One bodily sign of adoration is kneeling. Pope Benedict, in his book Spirit of the Liturgy tells the story of a man who was given the grace to see what the devil looked like. The devil looked really ugly, but what called the man’s attention is that the devil had no knees! The devil is not capable of worship because he adores only himself! Don’t we do that often in front of the mirror? (Ouch!)
Someone once said: “The shortest distance between a problem and its solution is the distance between the floor and your knees.” Amen!
Some people say that kneeling belongs to another culture. But in Asia, kneeling always shows reverence for the supreme leader. Just look at Thailand. Or ancient China. See how the Hindus worship. However, Pope Benedict says, “Kneeling does not come from any culture — it comes from the Bible.”
As believers, we need to learn to kneel again. We need to learn to bend our knees before the Lord of Lords: “at the name of Jesus every knee should bow, in heaven and on earth and under the earth” (Philippians 2:10). We need to learn again how to genuflect before the Most Blessed Sacrament, because we believe that God is really and truly there.
We need to learn to adore because by adoring God we acknowledge his greatness. When we acknowledge his greatness, we understand why we have to respect and love our neighbor (especially the ones who annoy us at home or in the office – ouch again!), because they are made in God’s image and likeness. A person who does not adore does not know the real value of human beings, whether they be unborn or at the doors of death.
Adoration of the Eucharist does not take us away from paying attention to the poor, the sick, the underprivileged and those languishing in jail, because the same faith that makes us see God’s real presence in the Eucharist makes us also see his image in likeness in the people around us.
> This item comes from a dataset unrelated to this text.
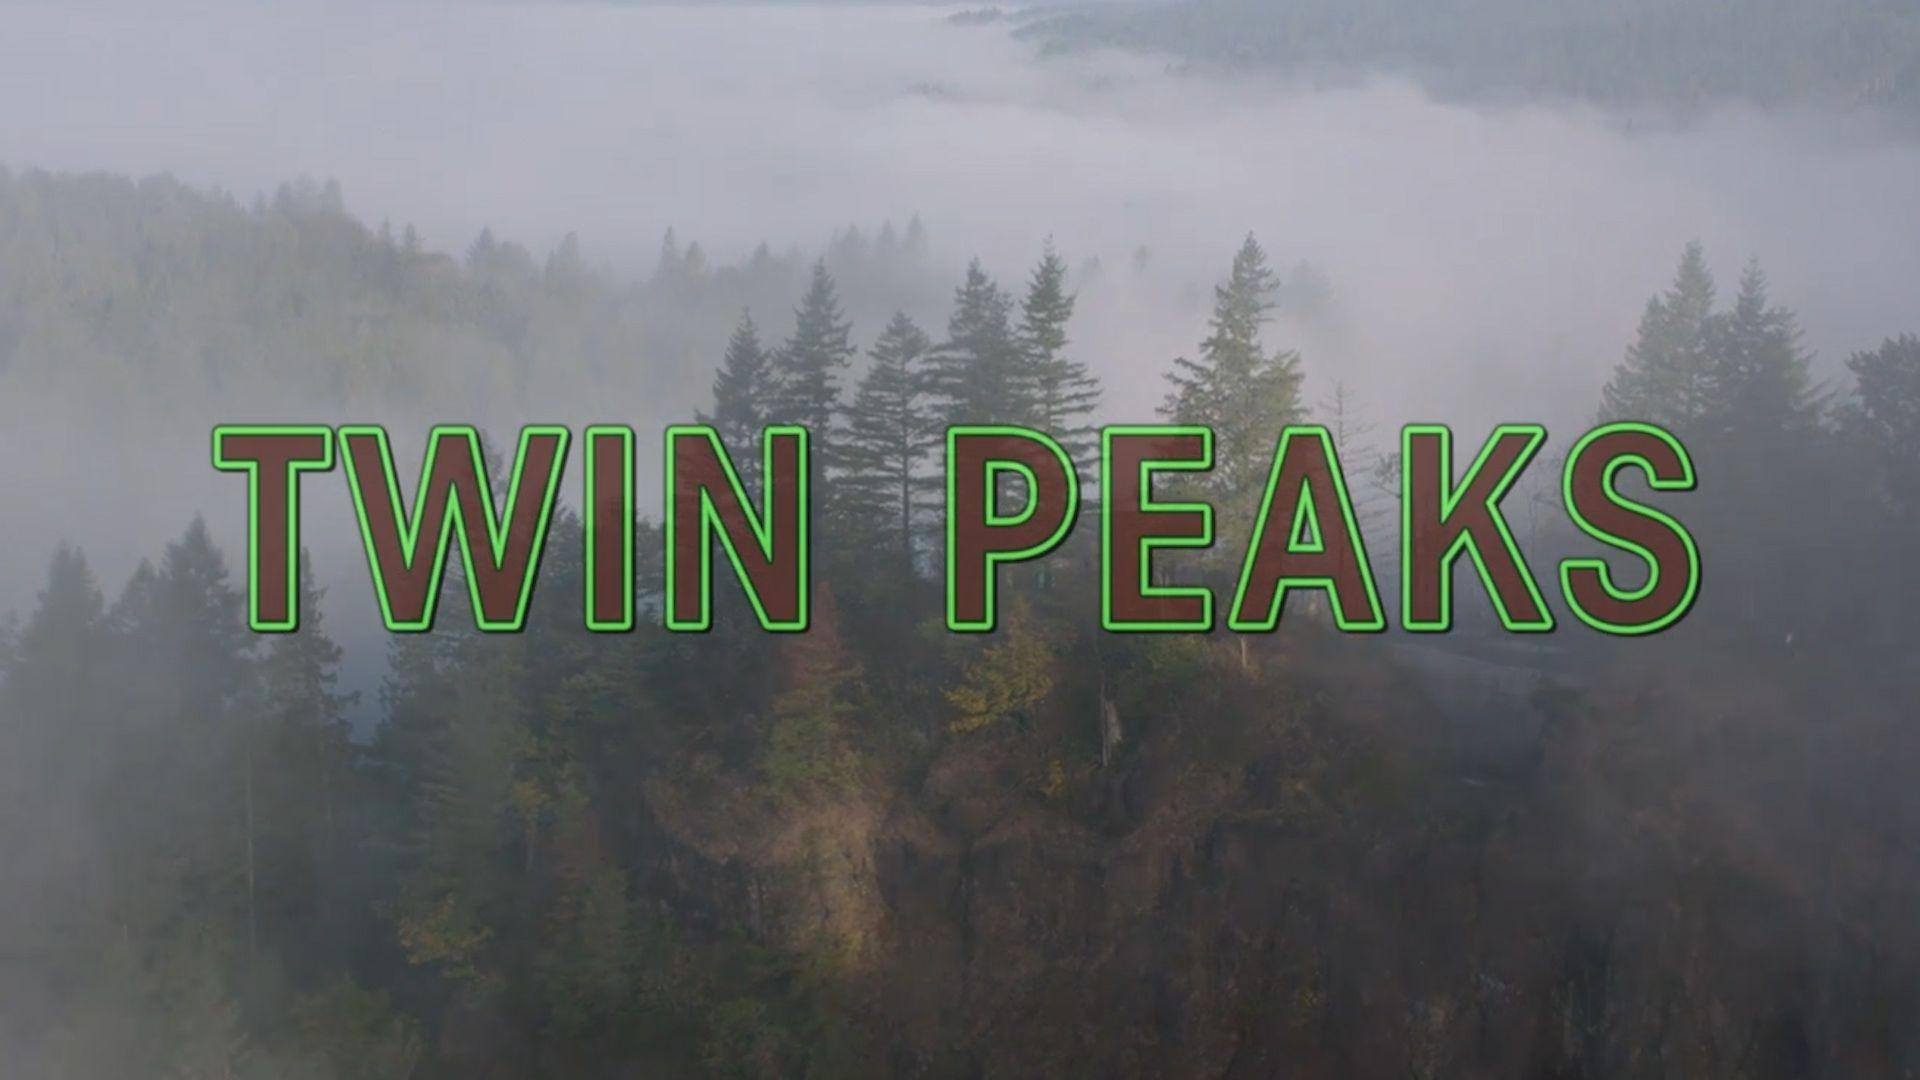 Twin Peaks Wallpaper (73+ images)
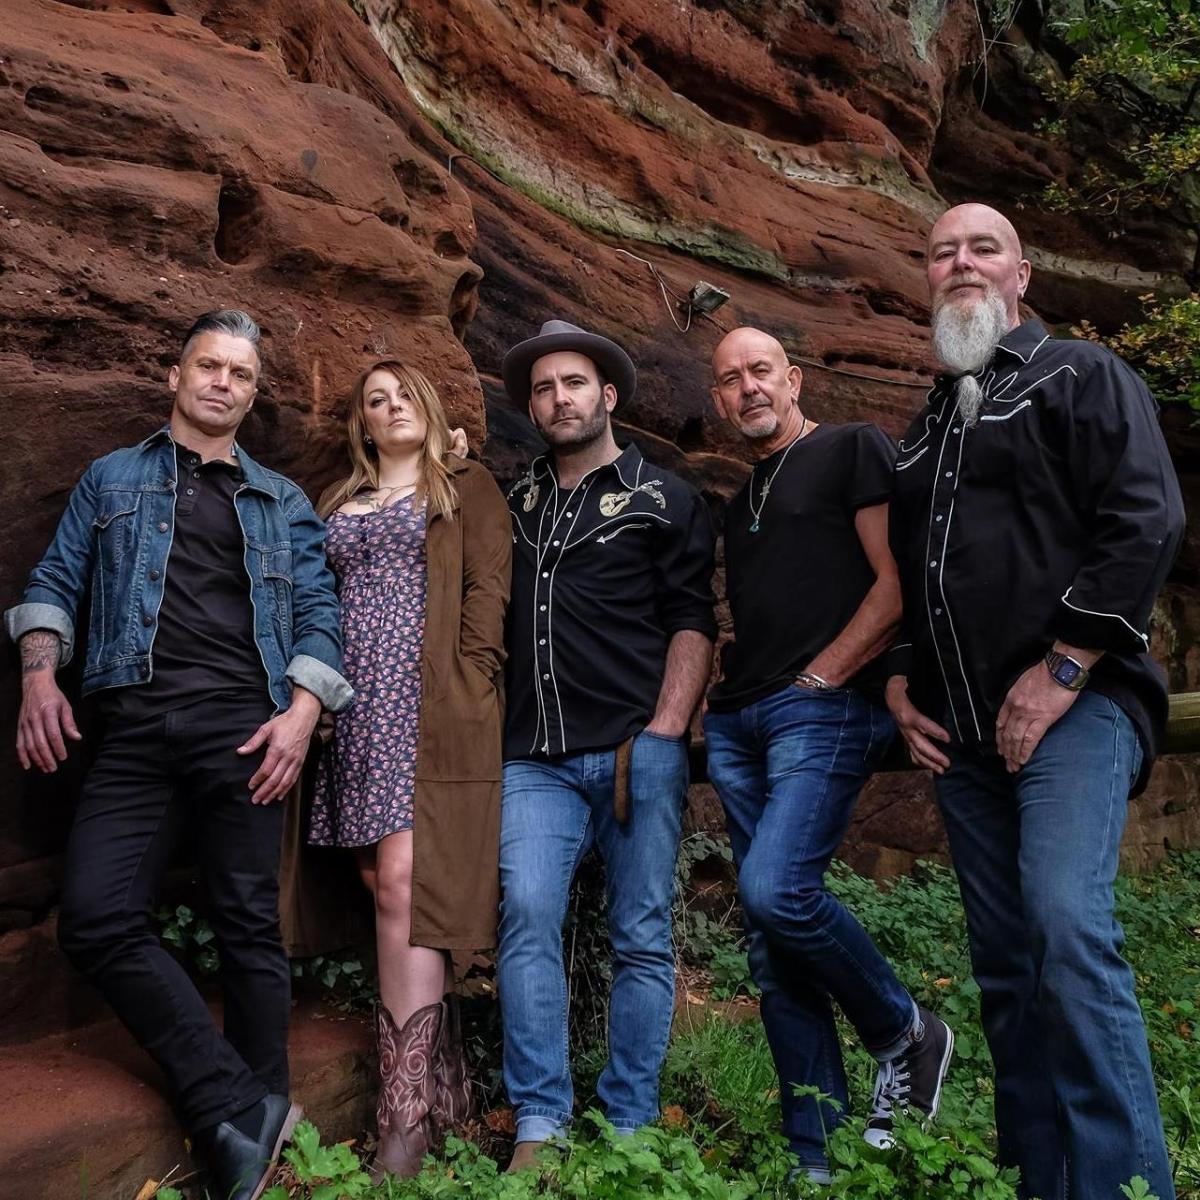 Stone Mountain Sinners featuring Sarah Warren

Remember how Blessed Teresa of Calcutta and Saint John Paul II spent hours before the Blessed Sacrament and and see what they were able to do for others.
Adoration gives us peace, because it makes us realize that we are not the ones who will single handedly save the world: “It is God who governs the world, not we,” Benedict XVI wrote in Deus Caritas Est. Our role is to do our best, as long as the Good Lord allows us, and leave the conclusion in his all-wise, all-merciful and all-powerful hands.
In the meantime, let us learn to “fall down and worship him.”